また、第一の上下付勢ゴムは必ずしも第二の上下付勢ゴムよりも上下方向で厚肉ではなくても良く、第一の上下付勢ゴムと第二の上下付勢ゴムが略同じ厚さとされていたり、第一の上下付勢ゴムが第二の上下付勢ゴムよりも薄肉とされていても良い。更に、第一の上下付勢ゴムと第二の上下付勢ゴムは、本体ゴム弾性体や前後付勢ゴム、左右付勢ゴムなどと別体で形成され得ると共に、相互に別体で形成することもできる。更にまた、前後付勢ゴムおよび左右付勢ゴムは省略することもできる。
また、第一の上下付勢ゴムが挿入連結部の下面に固着されていると共に、第二の上下付勢ゴムが挿入連結部の上面に固着されていても良く、この場合には、ロック突部が連結溝部の上内面に突出形成される。
また、ロック突部が連結溝部において溝深さ方向で部分的に形成されている一方、挿入連結部の下面に開口する切欠きがロック突部と対応する断面形状で前後に延びて形成されていると共に、切欠きの後端には下方へ突出する係止突部が形成されている構造を採用することもできる。
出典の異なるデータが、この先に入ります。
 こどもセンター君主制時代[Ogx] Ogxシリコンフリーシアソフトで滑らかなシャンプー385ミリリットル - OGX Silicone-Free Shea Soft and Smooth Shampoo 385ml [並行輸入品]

これによれば、挿入連結部を連結溝部へ差し入れる際に、ロック突部が切欠き内を移動することで、ロック突部と第二の上下付勢ゴムの当接による差入れ抵抗を低減することができて、防振装置本体とブラケットの組付け作業が容易になる。なお、第二の上下付勢ゴムは、切欠きを左右に外れた部分に固着されると共に、係止突部の突出先端面にも固着され得る。
前記実施形態では、防振装置本体として流体封入式のマウント本体12を例示したが、例えば、第一の取付部材と第二の取付部材を本体ゴム弾性体で弾性連結したソリッドタイプの防振装置本体や、アクチュエータによる能動的な防振効果を得る能動型流体封入式の防振装置本体、防振特性を切り替え可能とした切替型流体封入式の防振装置本体なども、採用することができる。また、前記実施形態のマウント本体12では、一体加硫成形品16と液封組立体18が位置決めピン86によって位置決め保持される構造を例示したが、例えば、圧入やかしめ等によって位置決め保持されるようにしても良い。
前記実施形態に示したブラケットの具体的な構造は、あくまでも例示であって、連結溝部を備えていれば、車両ボデー124への取付構造や天板部98および底板部118の有無および具体的な構造などは、適宜に変更され得る。